Одинокий грузовик проехал по дороге. Шофер затормозил, привлеченный странной картиной на поле: какие-то богато одетые люди шарят в земле. Он окликнул их, но они не отозвались.
Вернувшись в деревню, шофер пустил слух: иностранцы. По-русски не понимают.
Весь день пробыли они на полях. Дождь кончился. Подул колючий северный ветер. Стало быстро темнеть. Совершенно обессиленная, промокшая насквозь Маренн едва передвигала ноги, опираясь на руку Фрица Зеллера, командира экипажа ее сына, который единственный остался в живых.

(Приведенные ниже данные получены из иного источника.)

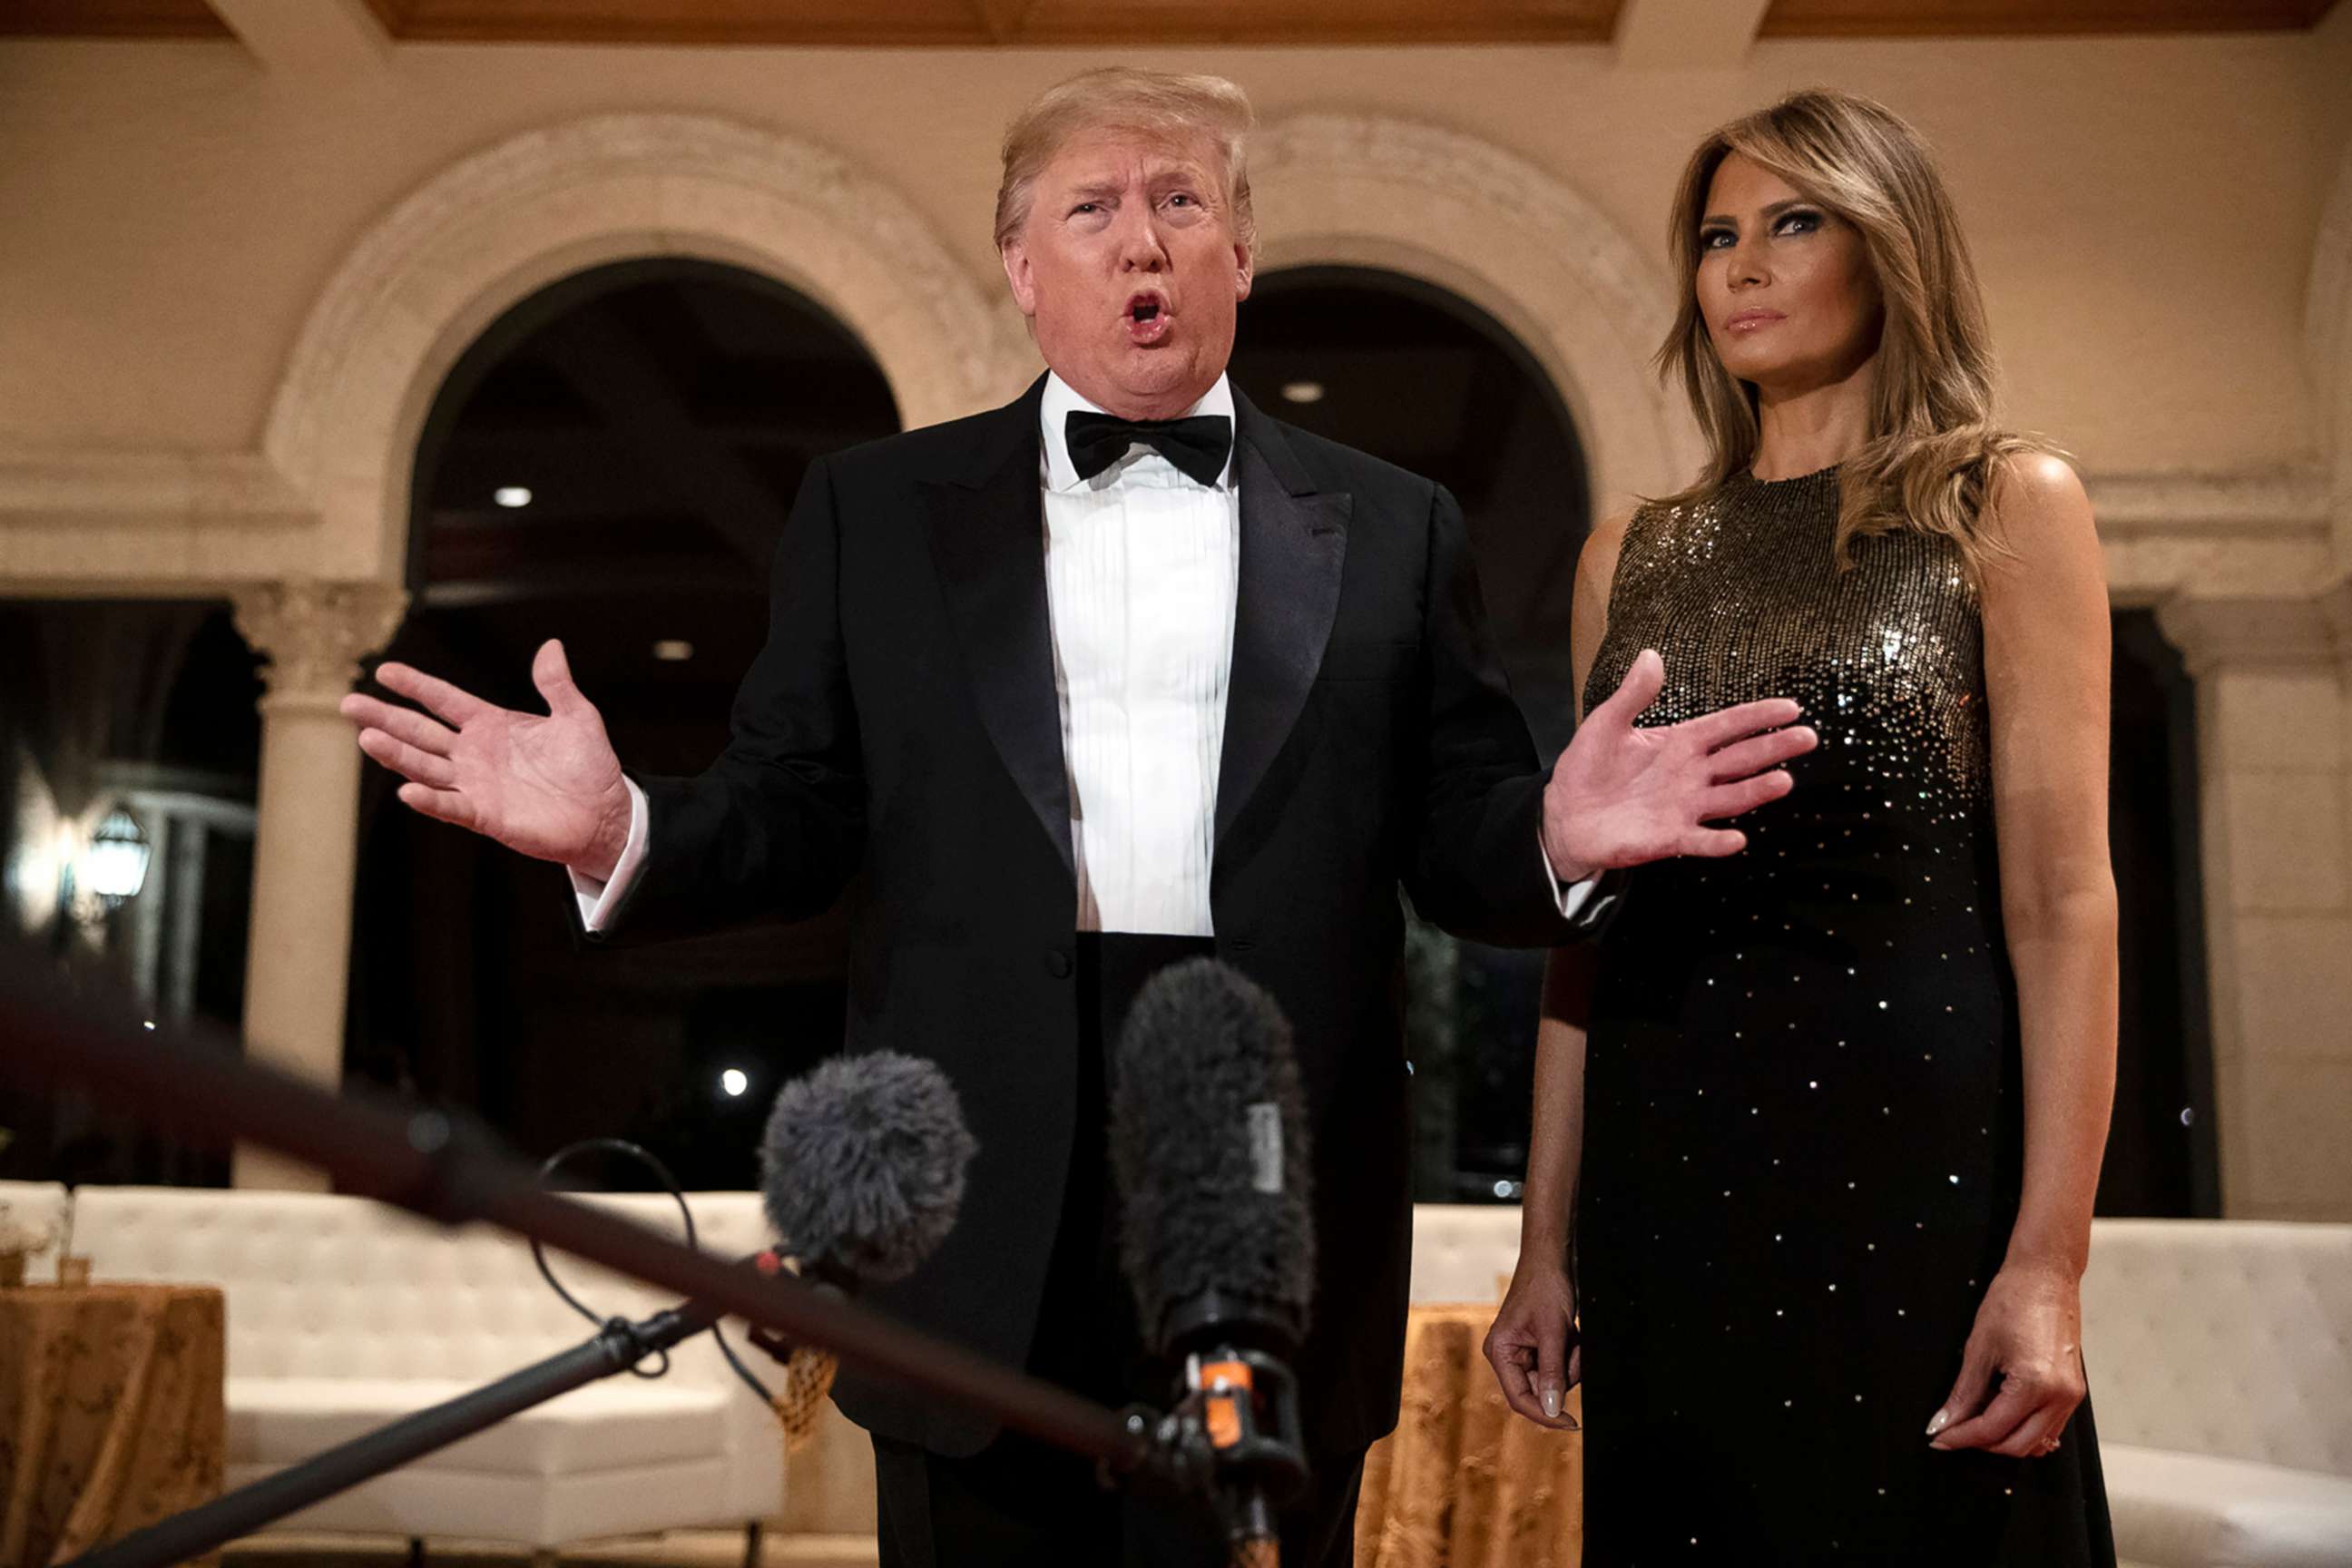 PHOTO: First lady Melania Trump listens as President Donald Trump speaks to reporters before his New Year's Eve party at his Mar-a-Lago property, Dec. 31, 2019, in Palm Beach, Fla.

Слишком долго добивалась она разрешения приехать сюда. Даже смерть Сталина не облегчила положения. Сколько барьеров, непроницаемый занавес, окончательно отнявший у нее сына, не только жизнь его, но даже и тело его, останки тела.
Выезжая из Франции, она, конечно, понимала, что через пятнадцать лет вряд ли найдет могилу сына. Но сердцем надеялась. Встреча с небытием, с забвением сломила ее. Она не могла поверить, что даже могилы Штефана не осталось на земле, что он рассеян, развеян, засажен и вспахан. За что? Ведь он же не Гитлер. Он — Штефан Колер. Какая глупость!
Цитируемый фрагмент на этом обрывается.